- [Task item]
Everything in the data below is left aside except the lines from the one containing "Loughborough ➡️ Los" through the one containing "Whip Stitch Cord Key Ring Cow Leather"; repeat those exactly.

- [Records for the task]
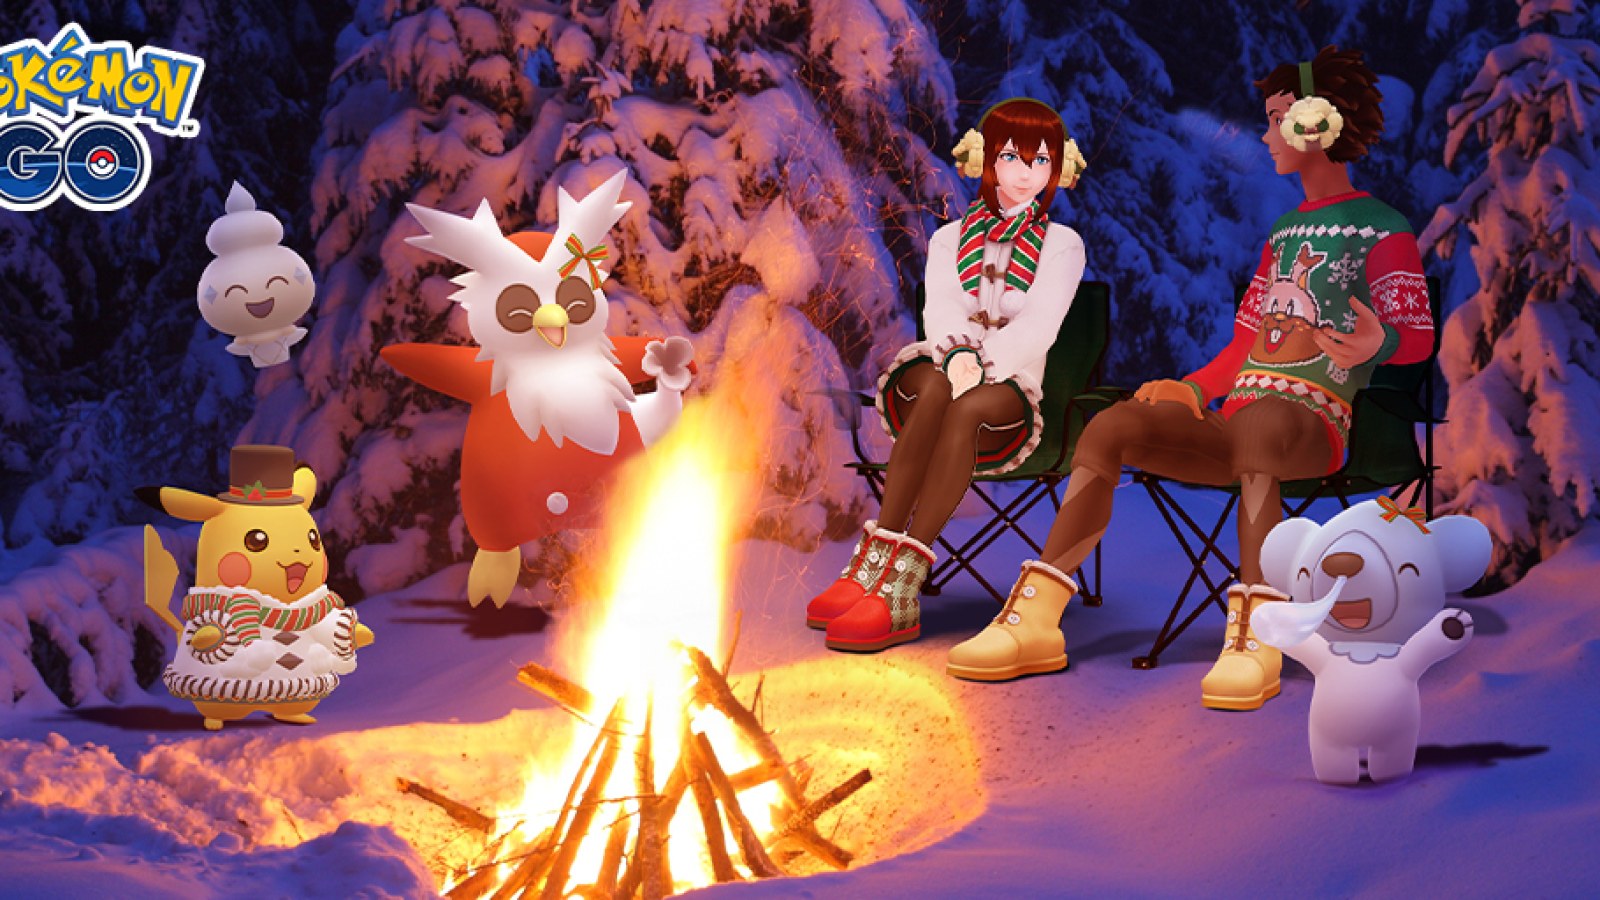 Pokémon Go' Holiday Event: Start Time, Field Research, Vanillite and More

...

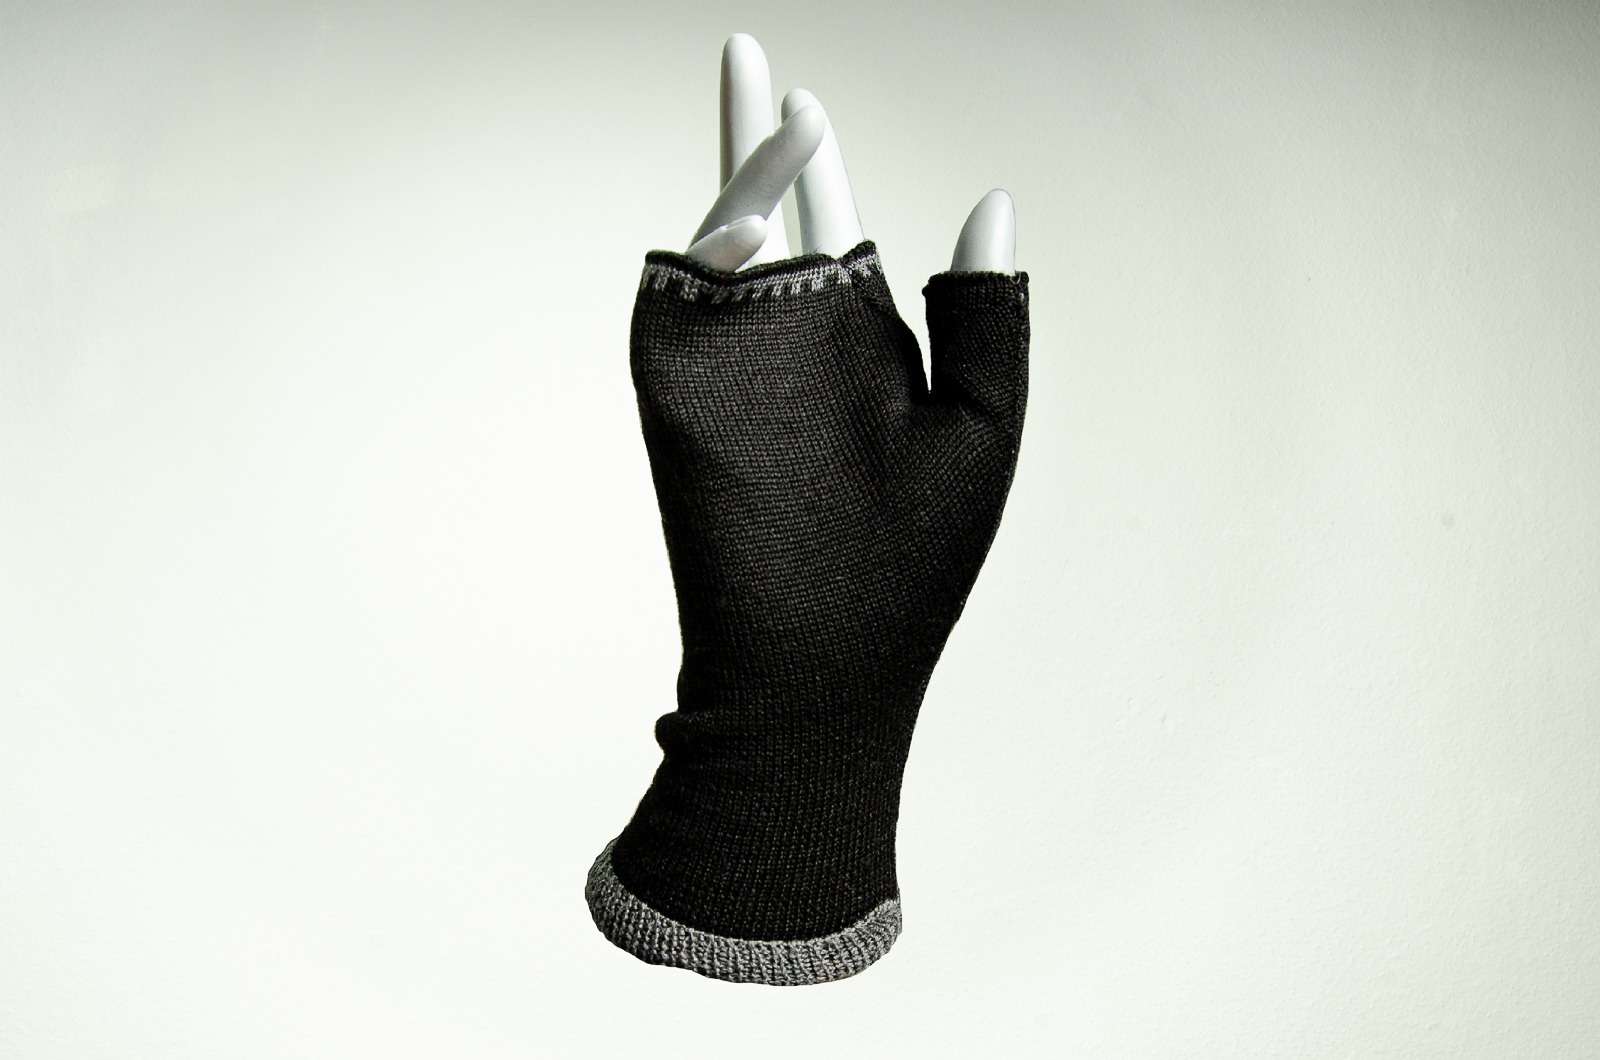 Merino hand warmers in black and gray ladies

==

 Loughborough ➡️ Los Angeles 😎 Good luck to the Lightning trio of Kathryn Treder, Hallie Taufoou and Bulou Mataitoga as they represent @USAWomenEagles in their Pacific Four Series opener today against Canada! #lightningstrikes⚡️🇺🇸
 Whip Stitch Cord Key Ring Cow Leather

- [Answer section]
 Loughborough ➡️ Los Angeles 😎 Good luck to the Lightning trio of Kathryn Treder, Hallie Taufoou and Bulou Mataitoga as they represent @USAWomenEagles in their Pacific Four Series opener today against Canada! #lightningstrikes⚡️🇺🇸
 Whip Stitch Cord Key Ring Cow Leather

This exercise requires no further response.